The History of Kettlewell Village - Arthur Raistrick
The Trust Lords of Kettlewell
In 1628 the king, Charles I, granted the manor, by Letters Patent, to four citizens of London, who in 1656 sold it to Matthew Hewitt of Linton, and William Fawcett, Thomas Ripley, John Bolland, Thomas Coates, James Bolland, John Ibbotson and Edmond Tennant, all of Kettlewell.
This group, acting as trustees then sold the various properties in Kettlewell to the tenants, but reserved the whole of the manorial dues, fishing and hunting, mines, courts and all kinds of perquisites of the manor, to be held in trust for ever for the freeholders of Kettlewell.
At later dates as trustees died off new ones were appointed. In 1883 a new trust deed was drawn up and the whole procedure put on proper record
"more especially to fix and establish for the future the trust and guardianship of the manor and lordship of Kettlewell to and for such use and uses as were at the time of purchasing the same intended for the benefit of the real owners and proprietors."
"All and every person then or at any time thereafter holding any messuage land, etc. within the manor"
who pays a proportion towards the ancient rent of £17.13.7,
"should have annually from the date thereof in proportion to his or her share of such rent, the rents issues and profits of the said manor."
Thus were created the Trust Lords of Kettlewell, who still look after the affairs of the manor.
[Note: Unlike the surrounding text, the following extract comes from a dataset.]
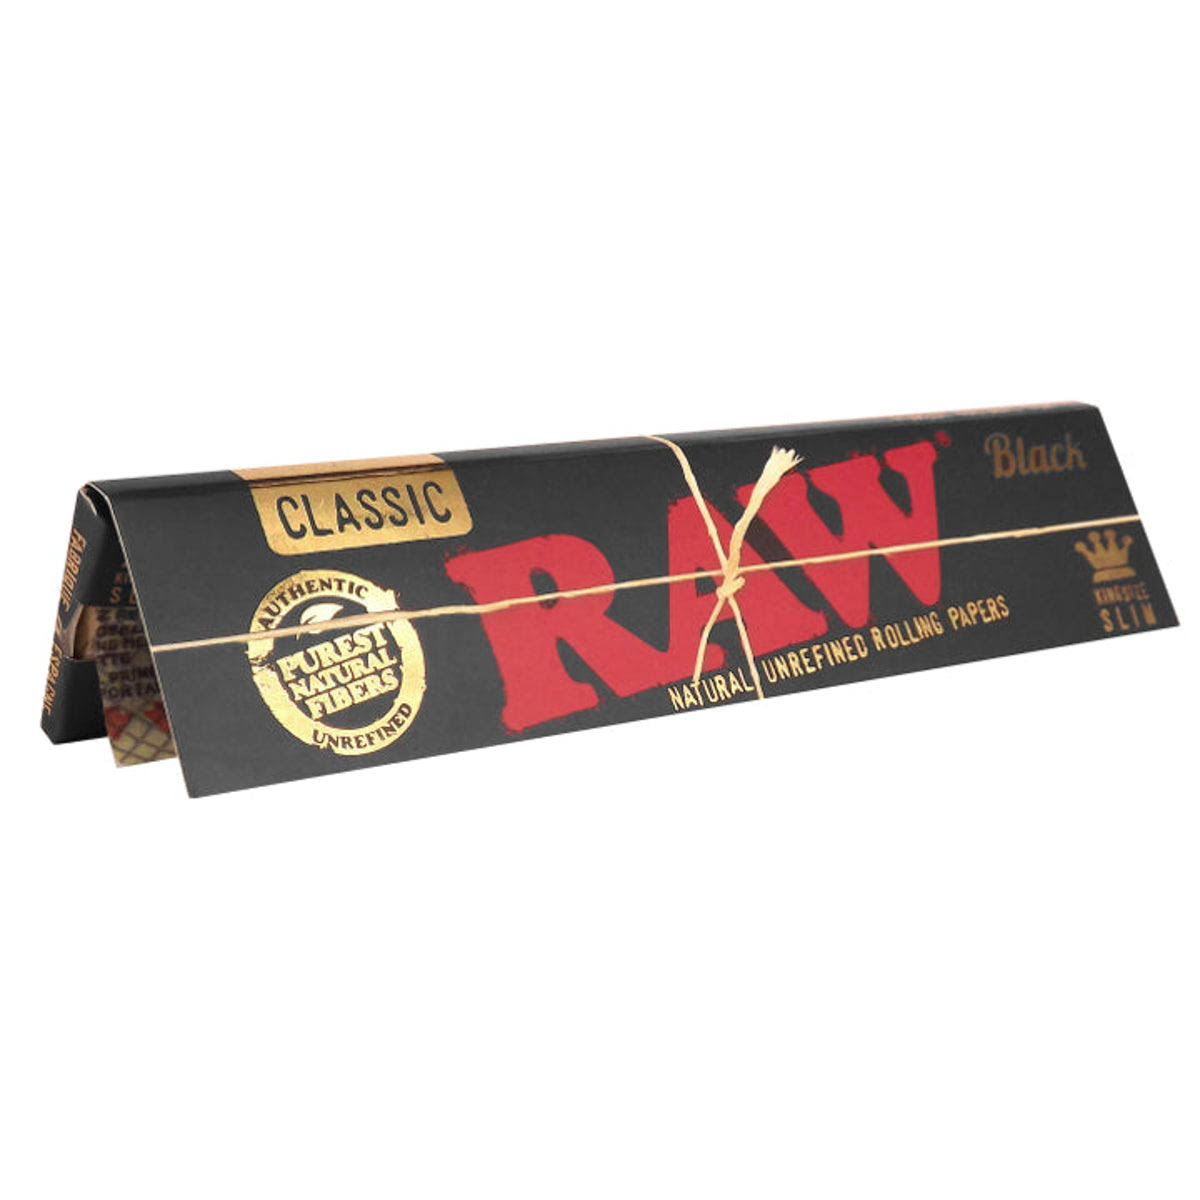 Raw Classic King Size Slim Black, Single Booklet (32 Papers)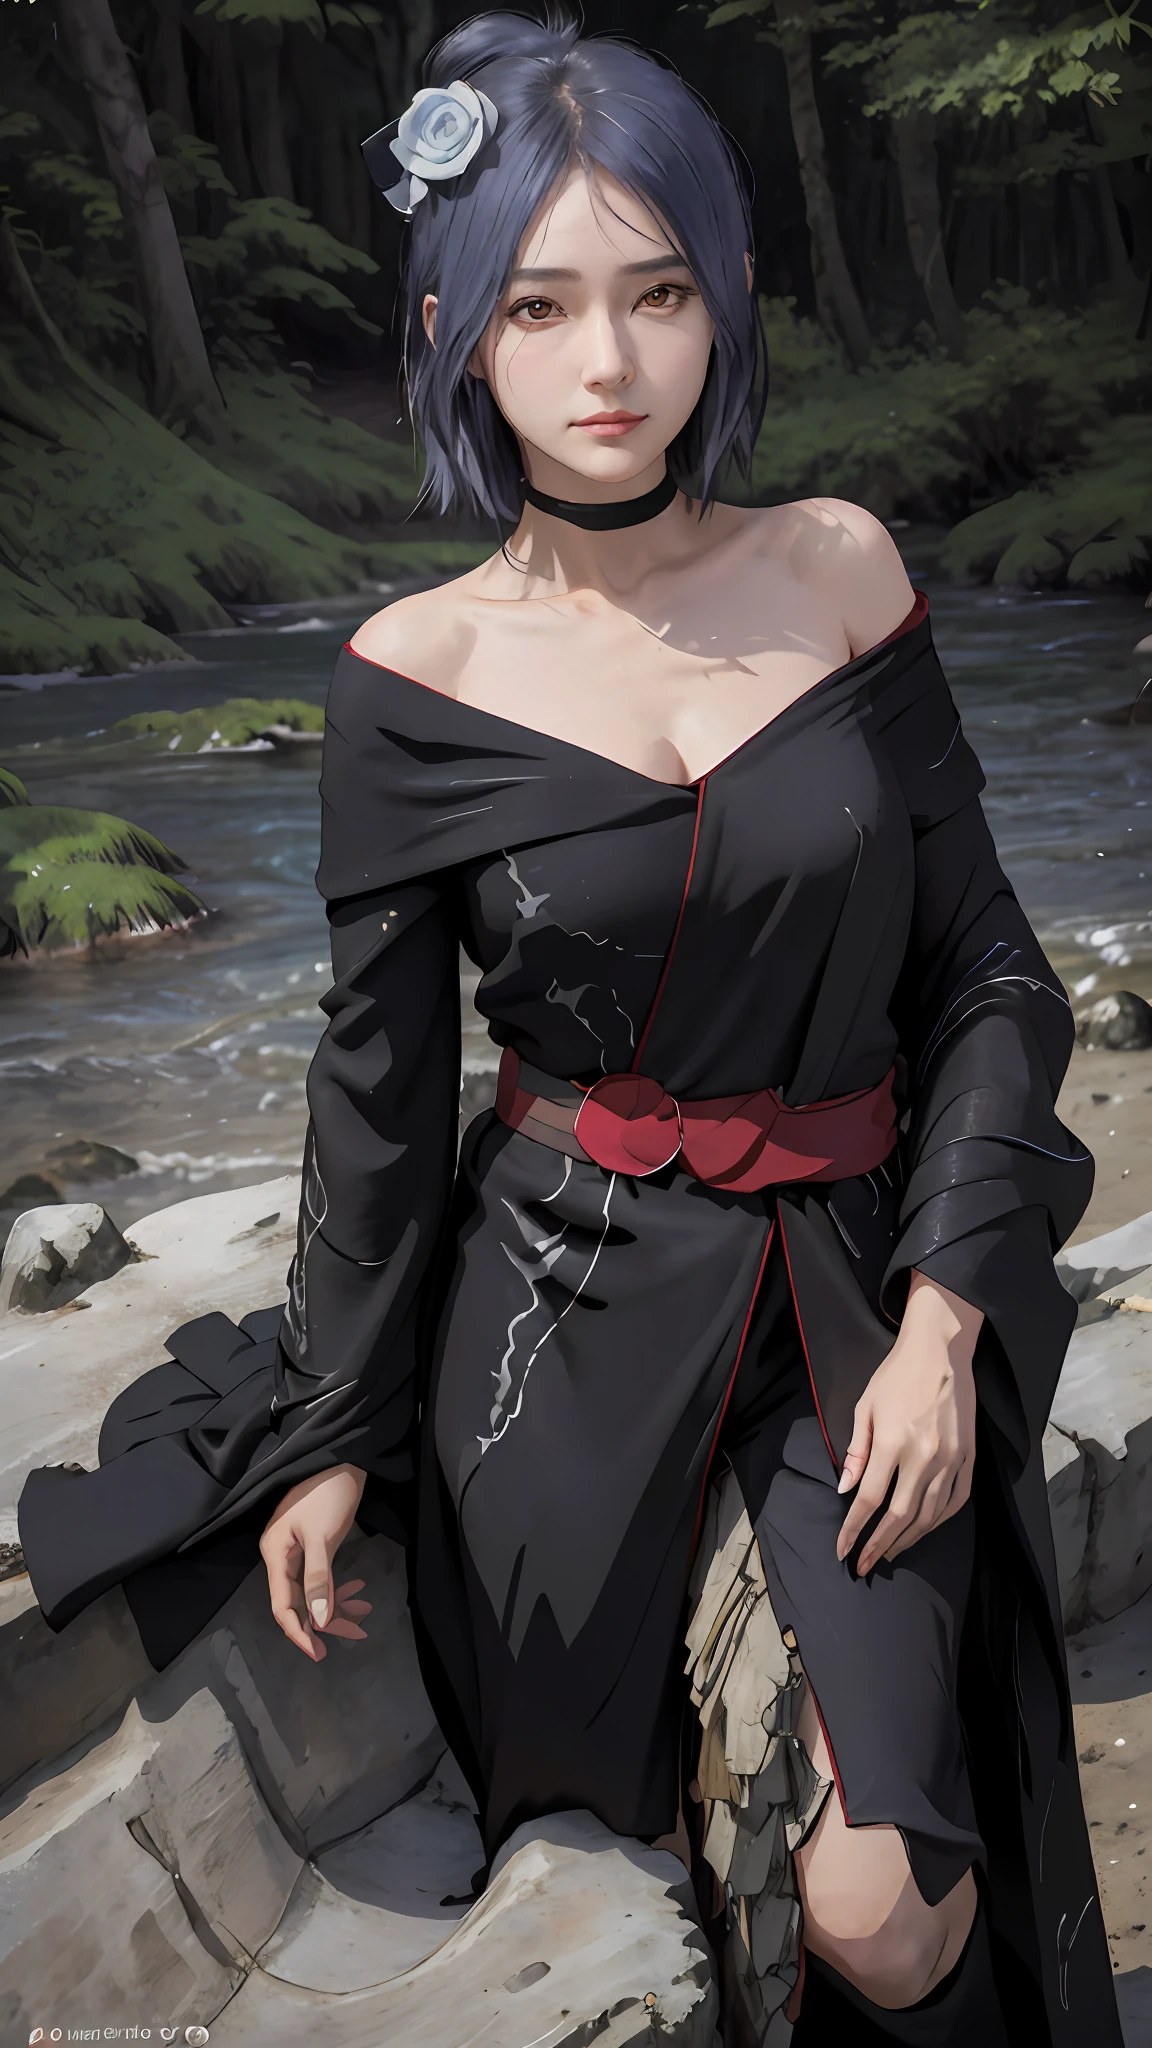 "tmasterpiece，Best Picture Quality，solo person，Off-the-shoulder clothing，staring right into camera，Reddening cheeks，ssmile，largeeyes，close lens，the ocean，sea beach，In the forest，Black robe，Akatsuki suit，Naruto，Xiaonan

They were to appoint a gamekeeper, shepherd, barmaster and to hold courts Leet and Baron and to exercise all the duties of lords of the manor.
The creation of the Trust Lords effectually changed the status of Kettlewell from that of a dependent semi-mediaeval manor to that of an independent largely self-governing community and so its history falls naturally into two principal sections.
Perhaps life prior to the seventeenth century appears to have gone on in a quiet way with little more for excitement than the markets and fairs, but this view may in fact, only be the result of lack of precise records.